= Student Choice Initiative =

2019 Ontario government policy

The Student Choice Initiative ("SCI" or the "Initiative") was a 2019 policy of the Government of Ontario, under Premier Doug Ford, that took effect in Fall 2019 for the 2019-2020 academic year. The SCI provided post-secondary students to opt out of certain ancillary fees that post-secondary institutions collected on behalf of student groups, such as some student union dues. These applied to both universities and colleges. The Initiative was first struck down by the court in December 2019 by the Canadian Federation of Students - Ontario and the York Federation of Students. Since then, the SCI has not been in effect, and the Government lost a court appeal in August 2021.

== Origins of the initiative ==
On 17 January 2019, the Government announced the Student Choice Initiative. The policy gave students the ability to opt-out of non-essential ancillary fees in post-secondary, most notably a range of student union dues. The Government said that the full guidelines, when published, would exempt certain ancillary fees from the Initiative, notably those related to campus safety. Then-Minister of Training, Colleges, and Universities, Merrilee Fullerton, provided the following rationale behind the SCI: "Student fees in Ontario can range as high as $2,000 per year and, too often, force students to pay for services they do not use and organizations they do not support. We will ensure students have transparency and freedom of choice regarding the campus services and organizations which get access to their money."

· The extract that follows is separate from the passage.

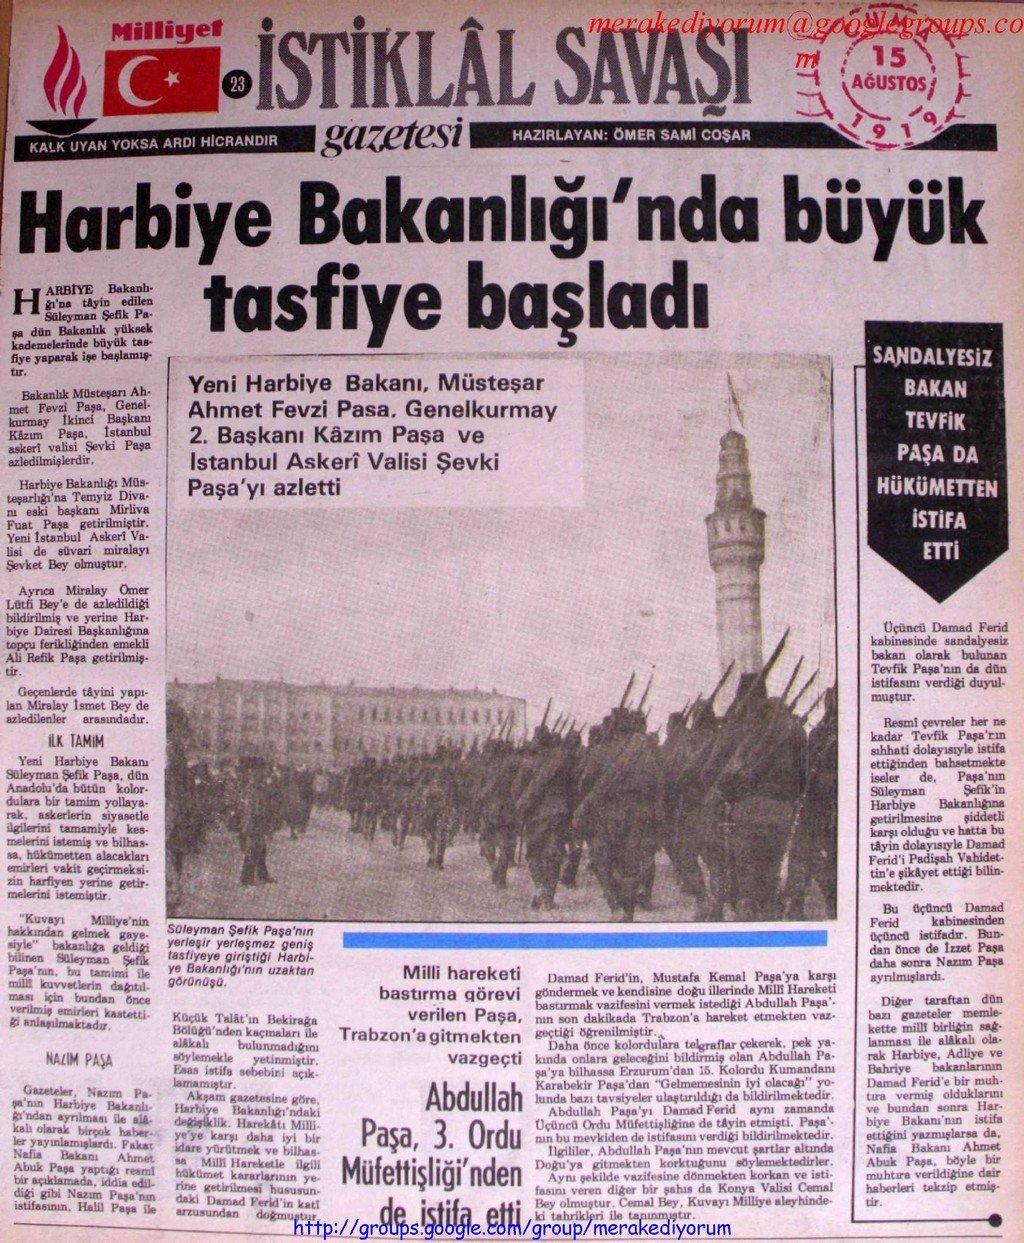 istiklal savaşı gazetesi - 15 ağustos 1919

=== Guidelines/policy directives released ===
In late-March 2019, the government released the Tuition Fee Framework and Ancillary Fee Guidelines for Universities, and the Tuition and Ancillary Fees Minister’s Binding Policy Directive for Colleges. The SCI was implemented in these two different documents, due to the statutory setup of the different institutions. In Ontario, each university is established under its own Act, whereas colleges are all established under the Ontario Colleges of Applied Arts and Technology Act, 2002. Aside from following two different documents, the impacts on ancillary fees were intended to be the same at both universities and colleges.

The Guidelines defined an "ancillary fee" as a fee imposed or administered by a given institution, or one of its constituent parts or its federated or affiliated institutions, in addition to regular tuition fees, which a student pays for a service or product. Different institutions also refer to these fees as incidental fees, supplementary fees, or auxiliary fees. The Guidelines created a distinction between compulsory and non-compulsory ancillary fees.

The guidelines deemed clubs, student unions, student transit passes, and student newspapers as non-essential. The guidelines obligated universities and colleges to offer methods of opting out of non-essential fees prior to the tuition payment deadline. The guidelines also enabled universities and colleges to deem some fees essential as long as they fell within pre-existing provincial frameworks (such as those relating to athletics and student identification cards).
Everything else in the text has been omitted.